Мы вошли в дом. К великому моему удивлению, гостиная оказалась пустой.

– С ума сойти! – воскликнул я.

– О чем ты?

И Дэйзи обернулась на легкий, чинный стук во входную дверь. Я открыл. Посреди большой лужи стоял бледный как смерть Гэтсби, засунув, словно гири, кулаки в карманы пиджака и трагически глядя мне в глаза.

Так и не вынув рук из карманов, он прошел мимо меня в прихожую, резко, будто марионетка на ниточке, развернулся и скрылся в гостиной. Решительно ничего смешного я в этом не усмотрел. Чувствуя, как колотится мое сердце, я потянул дверь на себя, чтобы отгородиться от разошедшегося дождя.

С полминуты я не слышал ни звука. Потом из гостиной до меня донеслось что-то вроде сдавленного бормотания, короткий смешок, а следом голос Дэйзи, произнесшей с откровенно фальшивой интонацией:

– Разумеется, я ужасно рада снова увидеть вас.

Пауза; страшно долгая. Делать мне в прихожей было нечего, и я вошел в гостиную.

Гэтсби – руки по-прежнему в карманах – стоял, прислонясь к каминной полке и натужно изображая полную непринужденность, даже скуку. Голову он откинул назад, так далеко, что уперся затылком в давно остановившиеся каминные часы, смятенный взгляд его был устремлен вниз, на Дэйзи, а та, испуганная, но изящная, сидела на краешке туго набитого кресла.

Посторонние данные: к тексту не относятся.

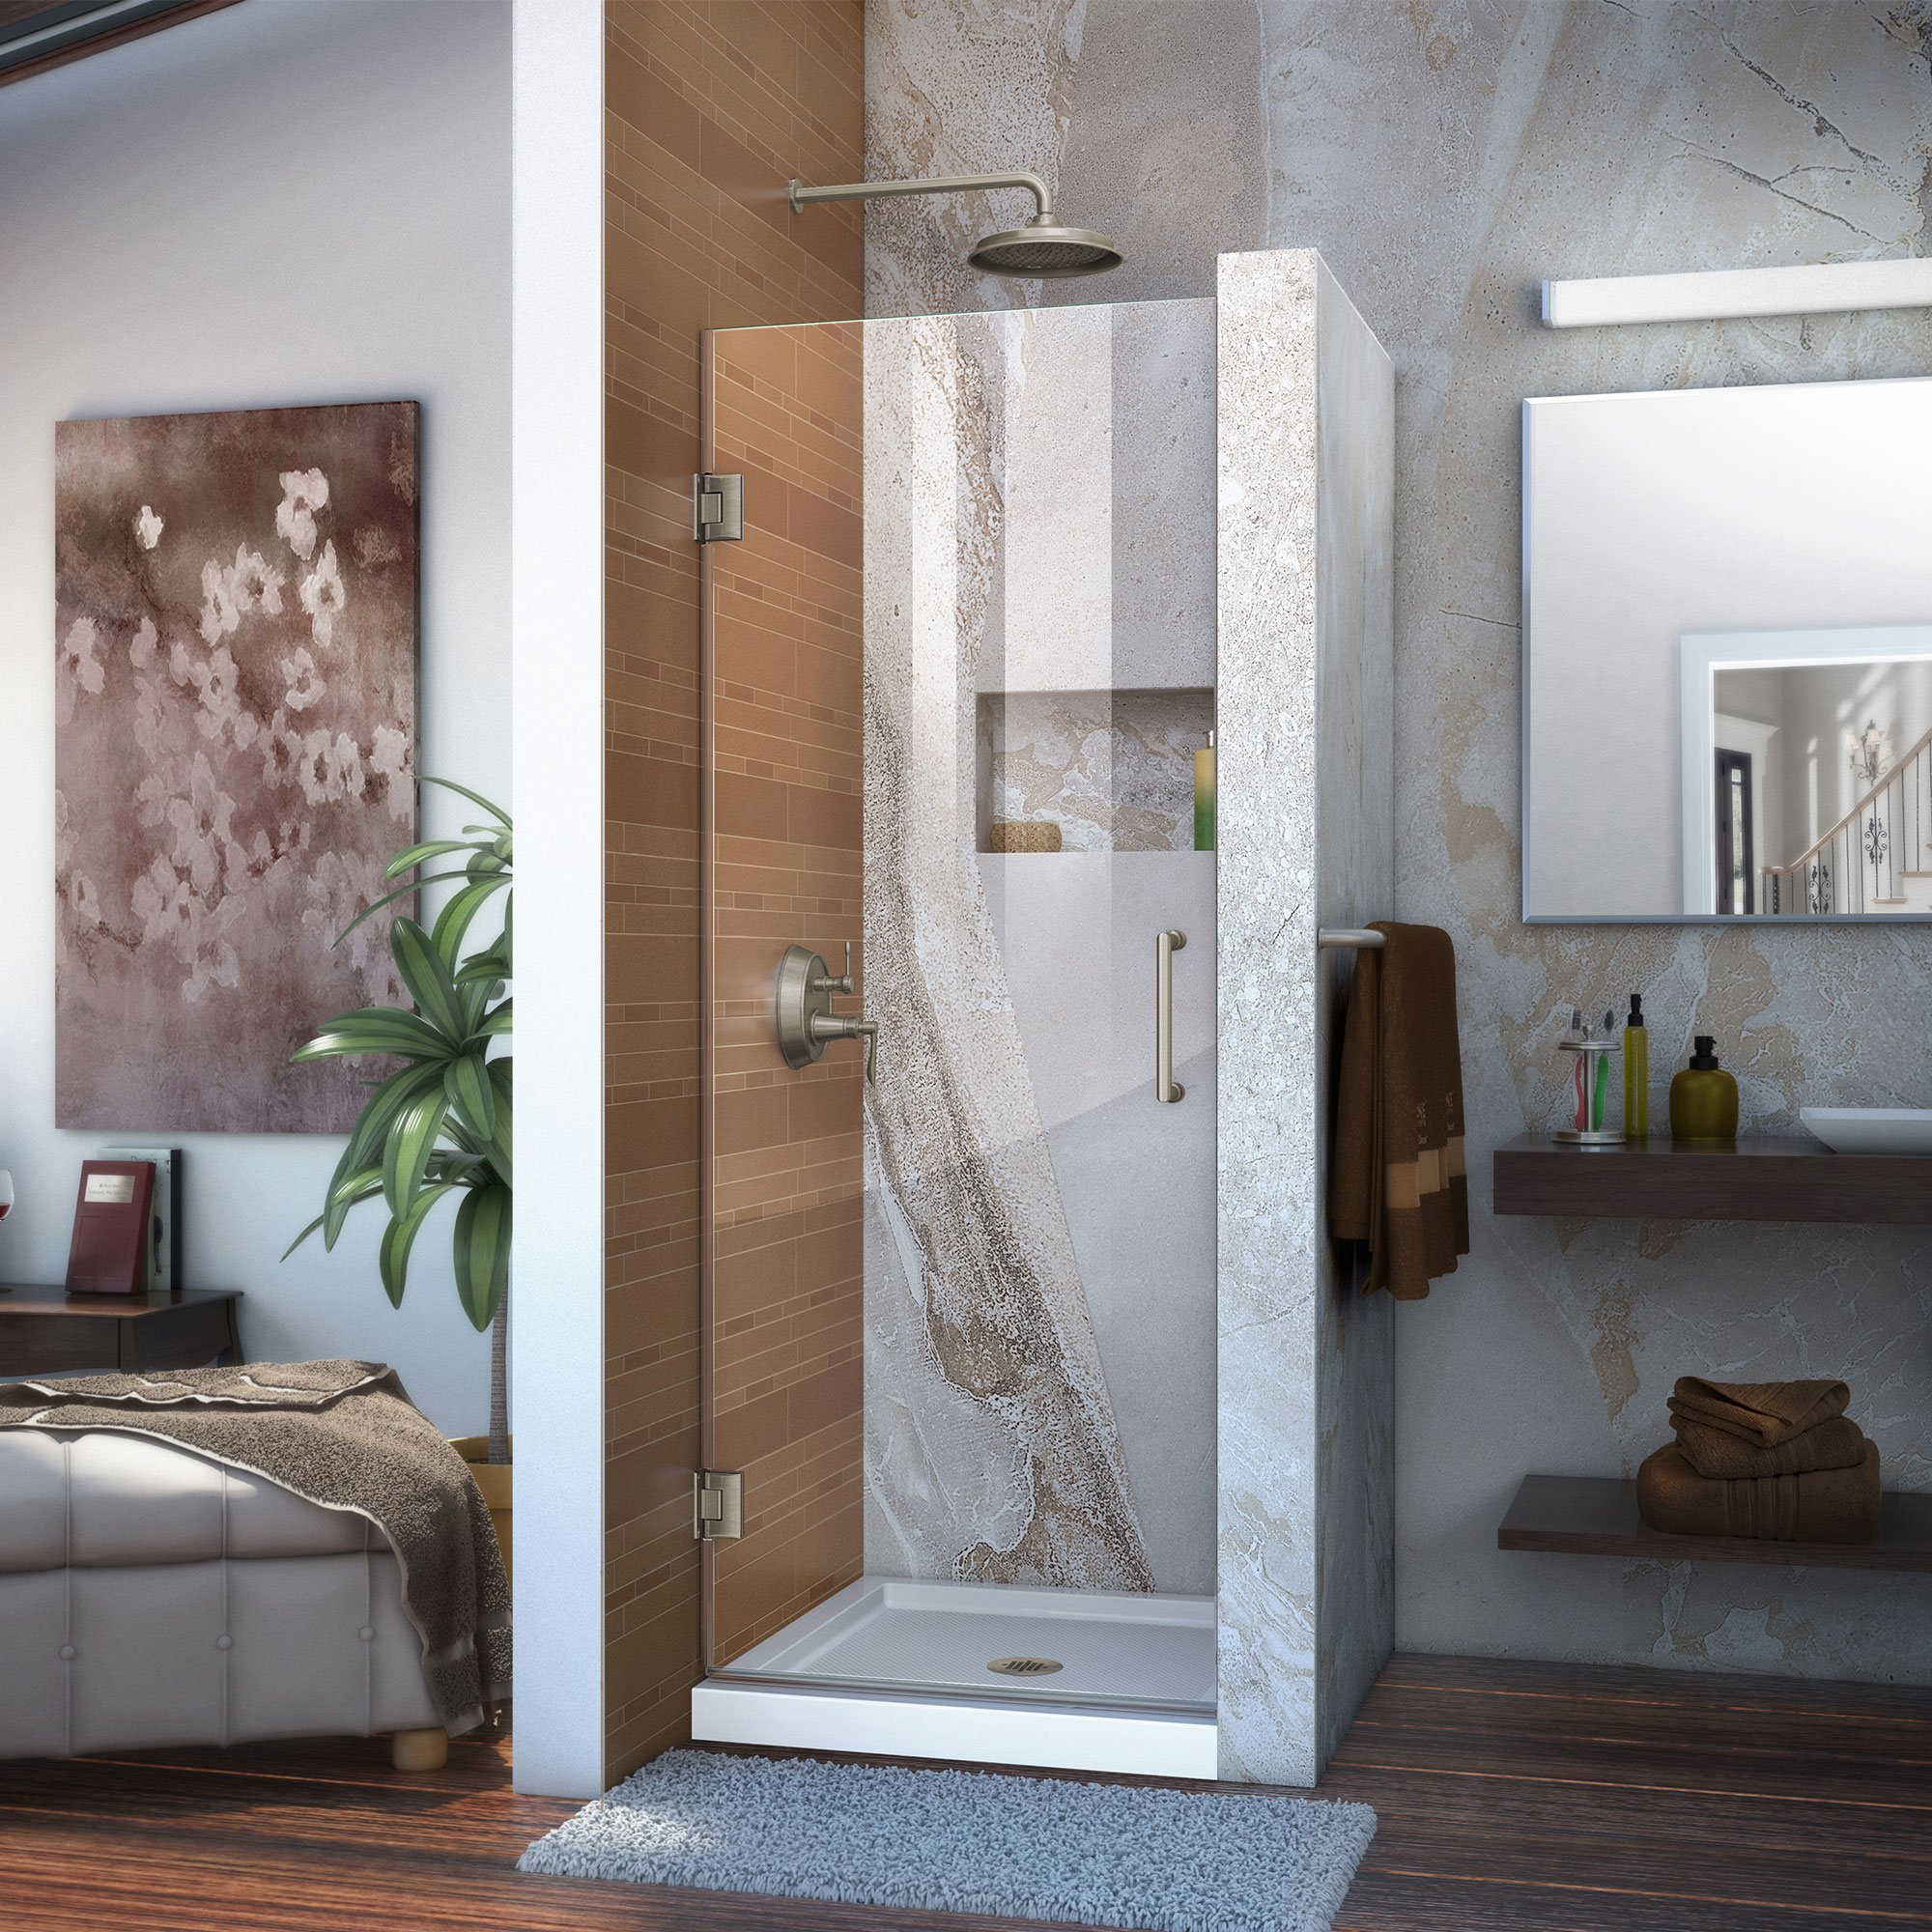 DreamLine Unidoor 28 in. Width, Frameless Hinged Shower Door, 3/8'' Glass, Brushed Nickel Finish by DreamLine

– Мы когда-то были знакомы, – пробормотал Гэтсби. Взгляд его на миг скользнул по мне, губы разделились в безуспешной попытке усмехнуться. По счастью, часы выбрали именно это мгновение, чтобы опасно накрениться под натиском его головы, заставив Гэтсби обернуться, подхватить их дрожащими пальцами и водворить на место. После чего он неуклюже опустился на кушетку, поставил локоть на ее подлокотник, и подпер подбородок ладонью.

– Прошу прощения за часы, – сказал он.

Лицо мое горело, как будто его обожгло тропическое солнце. В голове вертелась тысяча затасканных фраз, однако выговорить мне ни одной не удавалось.

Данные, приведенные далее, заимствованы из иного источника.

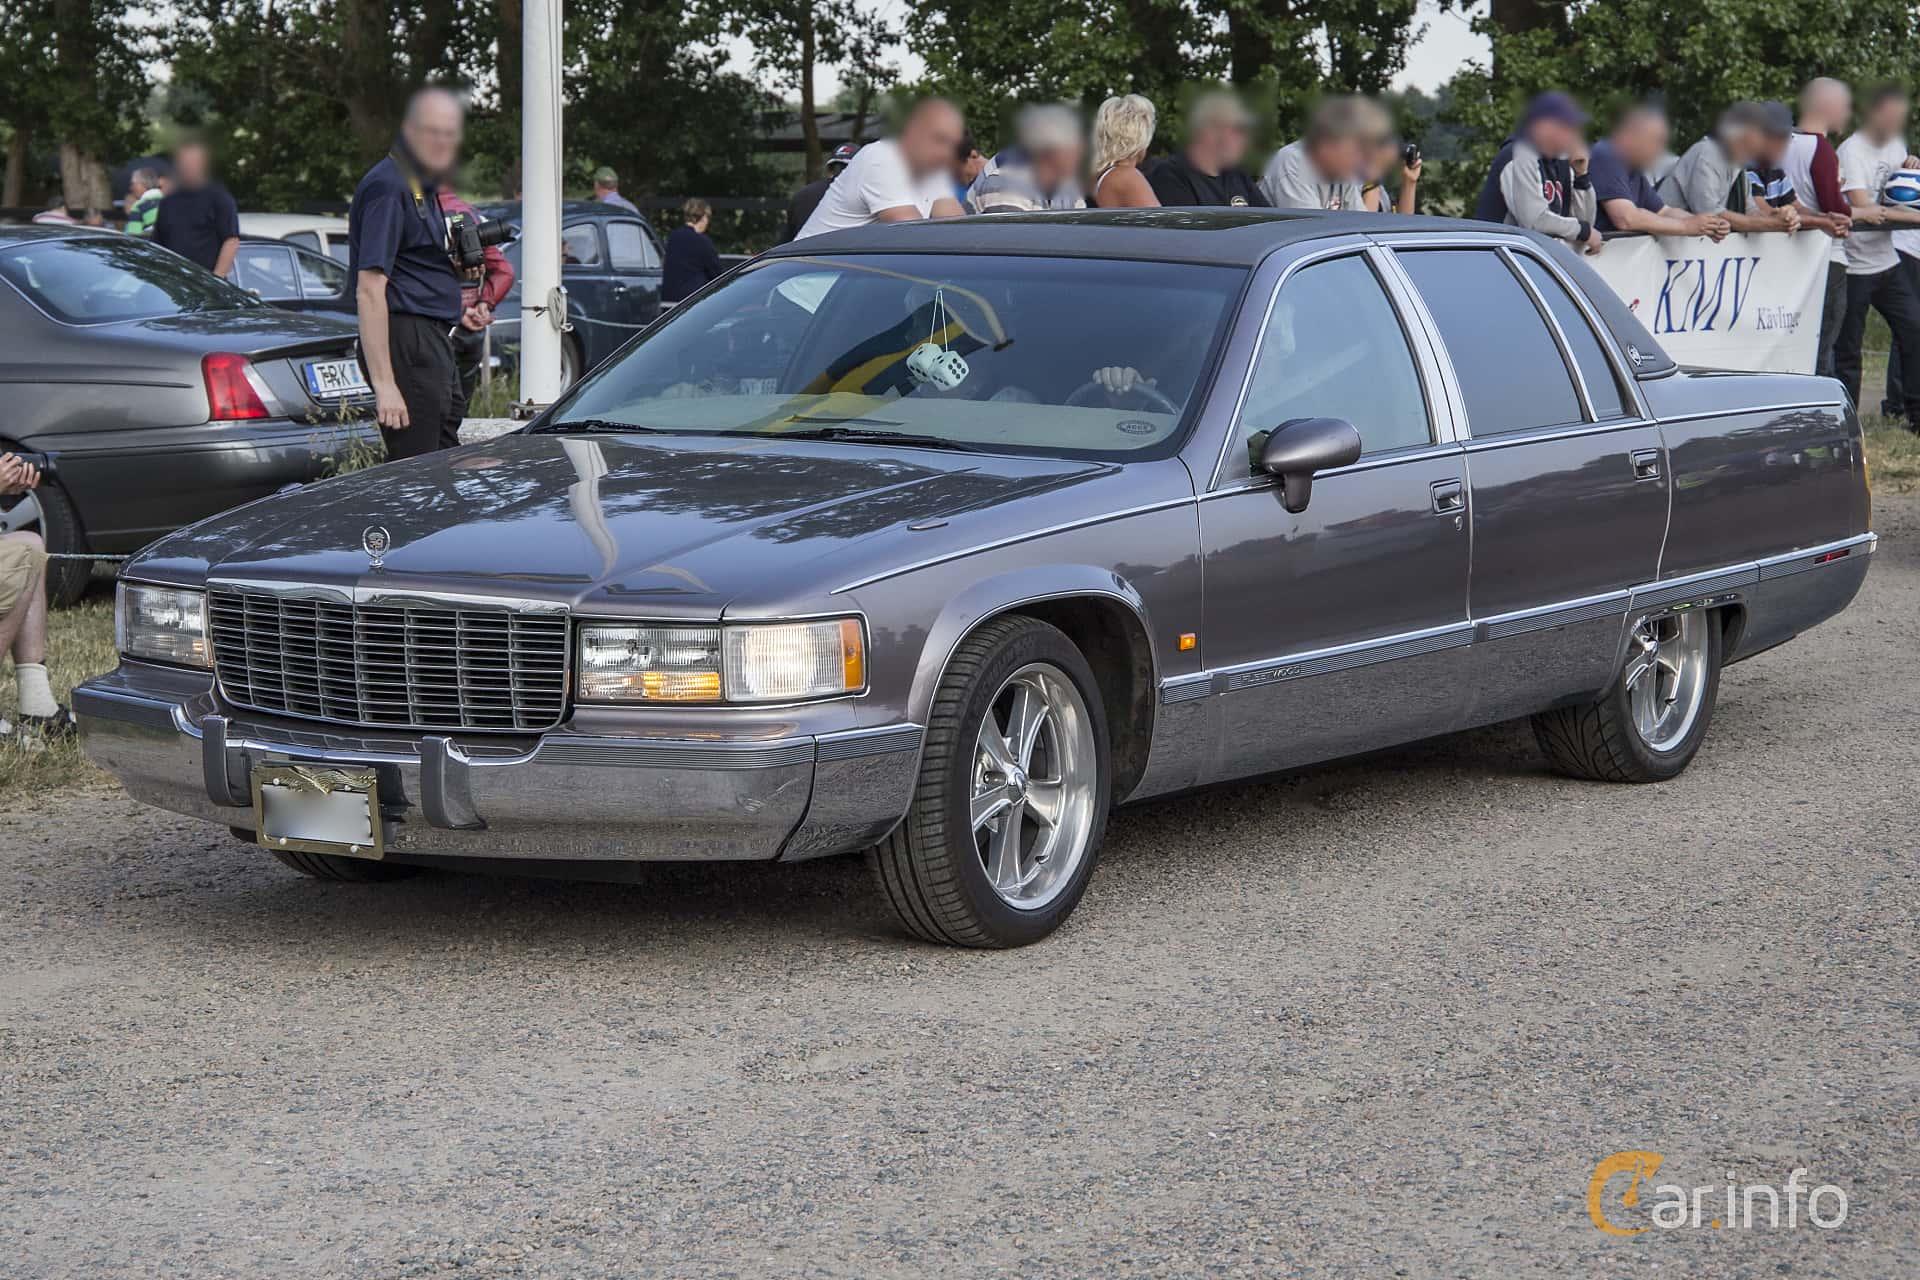 Cadillac Fleetwood 3rd Generation

– Они старые, – идиотически сообщил я.

Сдается, всем нам казалось в тот миг, что часы рухнули на пол и разбились вдребезги.

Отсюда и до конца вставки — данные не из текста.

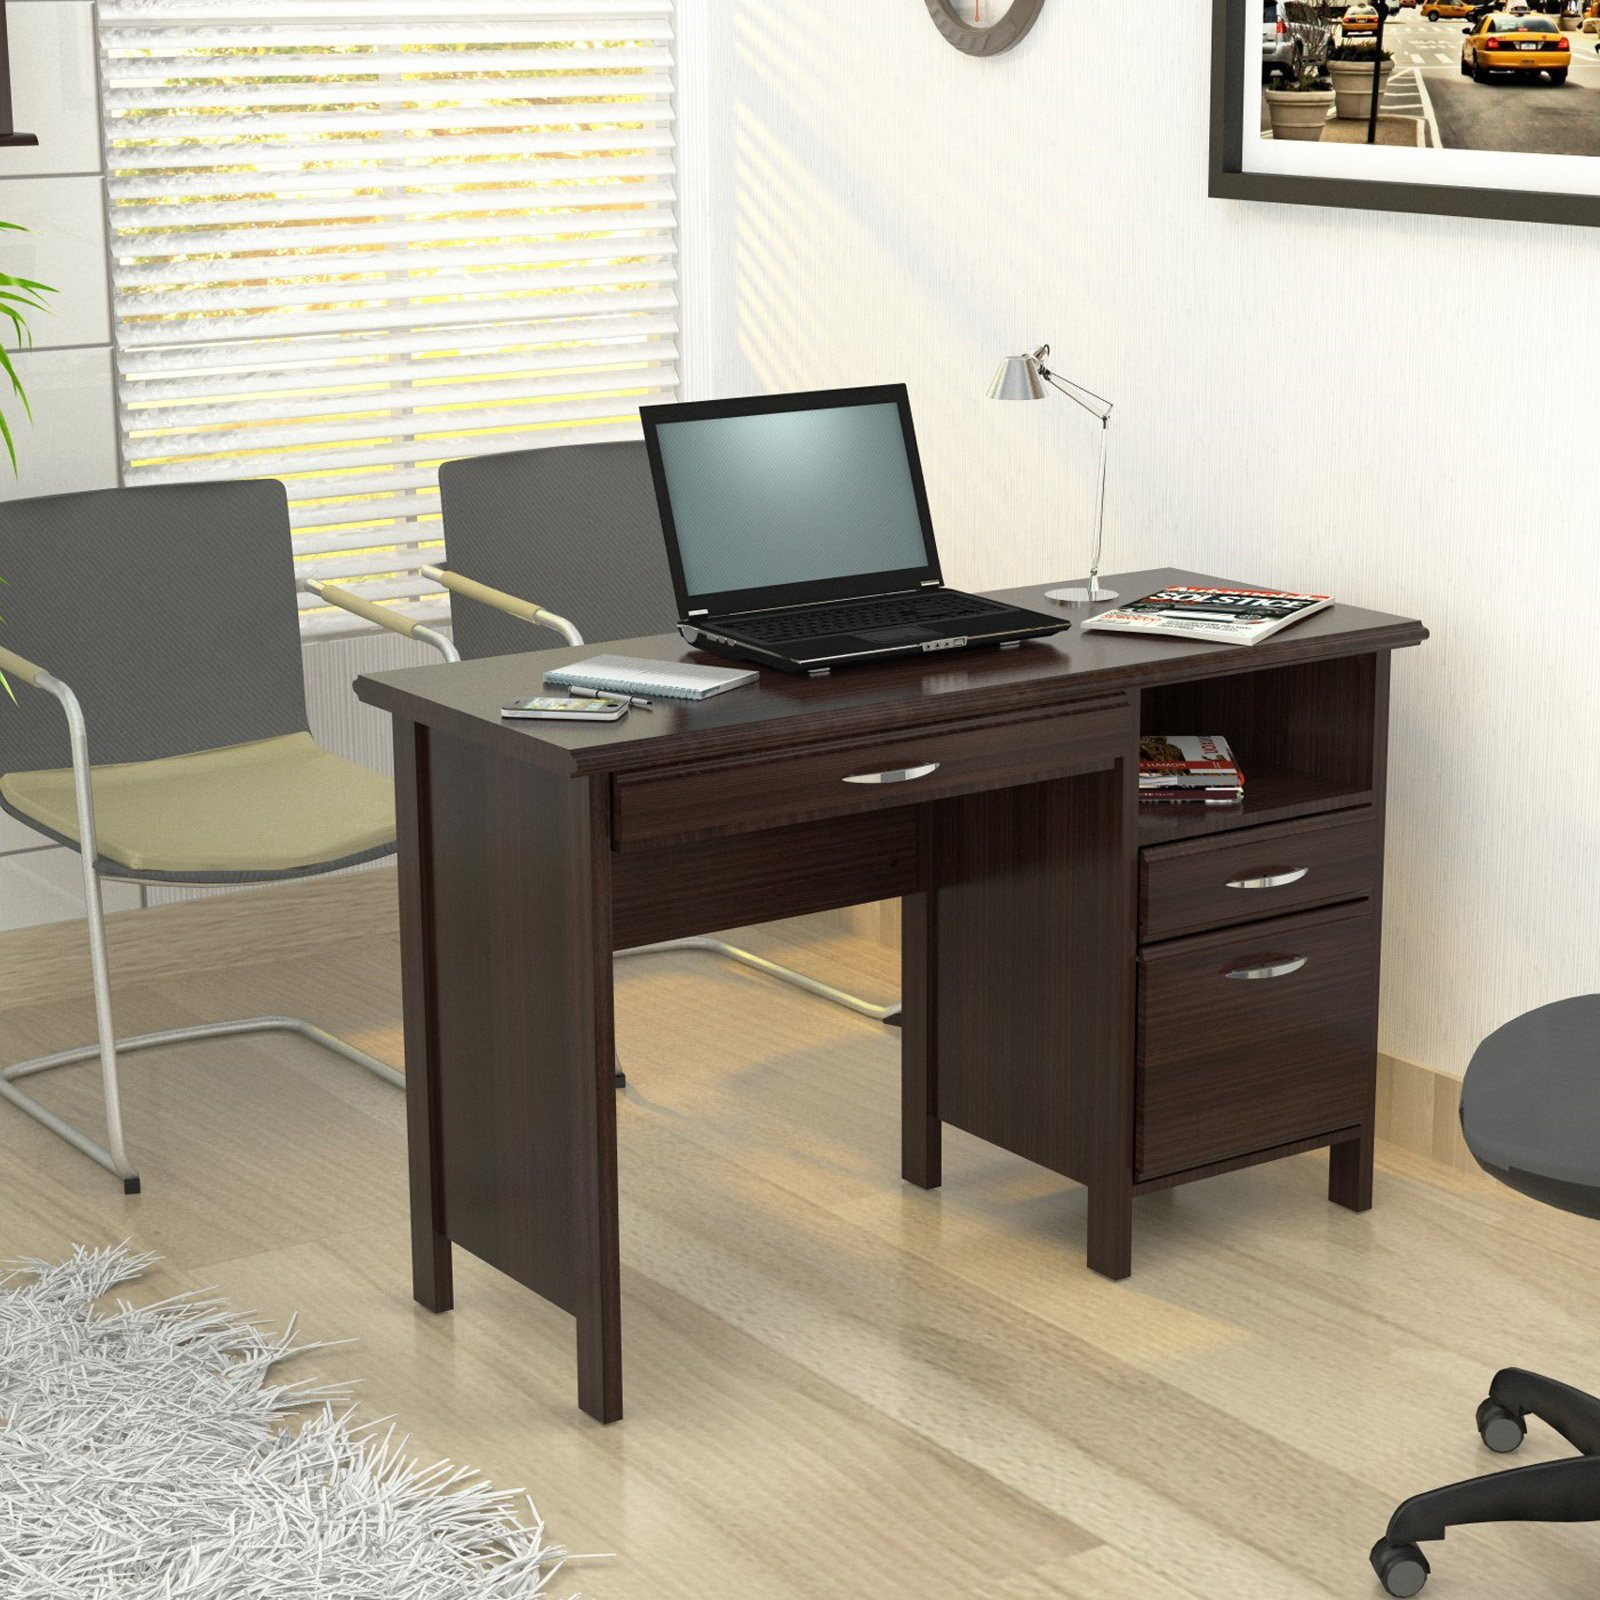 Inval Softform Computer Desk Espresso Wengue Finish

– Мы уже много лет не встречались, – на редкость ровным тоном сообщила Дэйзи.

– В ноябре будет пять.

Машинальный ответ Гэтсби заставил нас умолкнуть снова – самое малое на минуту. Наконец я, из одного лишь отчаяния, предложил им помочь мне на кухне с чаем, Дэйзи и Гэтсби вскочили на ноги, и тут проклятая финка внесла поднос, на котором он и стоял, уже готовый.

Долгожданная суета с чашками и пирожными снова вернула нашему поведению хотя бы внешнюю пристойность. Гэтсби стушевался, мы с Дэйзи беседовали, а он пристально смотрел в лицо тому из нас, кто говорил, и взгляд его был тревожным и несчастным. Но ведь мы собрались здесь не ради мирной беседы, и потому я при первой же возможности попросил извинить меня и встал.

– Куда вы? – в мгновенном испуге спросил Гэтсби.

– Скоро вернусь.

– Мне нужно поговорить с вами кое о чем перед вашим уходом.

Он торопливо последовал за мной на кухню, прикрыл дверь и жалобно прошептал:

– О господи!

– Что с вами?

– Все это ужасная ошибка, – сказал он, покачивая головой из стороны в сторону, – ужасная, ужасная.

– Вы просто смущены, вот и все, – ответил я и, по счастью, добавил: – Как и Дэйзи.

– Смущена? – недоверчиво переспросил он.

– Ровно настолько же, насколько вы.

– Говорите потише.

– Ведете себя как мальчишка, – сердито выпалил я. – Мало того, ведете себя невоспитанно. Дэйзи сидит там одна.

Он поднял ладонь, чтобы заставить меня замолчать, с незабываемым укором посмотрел мне в глаза, опасливо открыл дверь и вернулся в гостиную.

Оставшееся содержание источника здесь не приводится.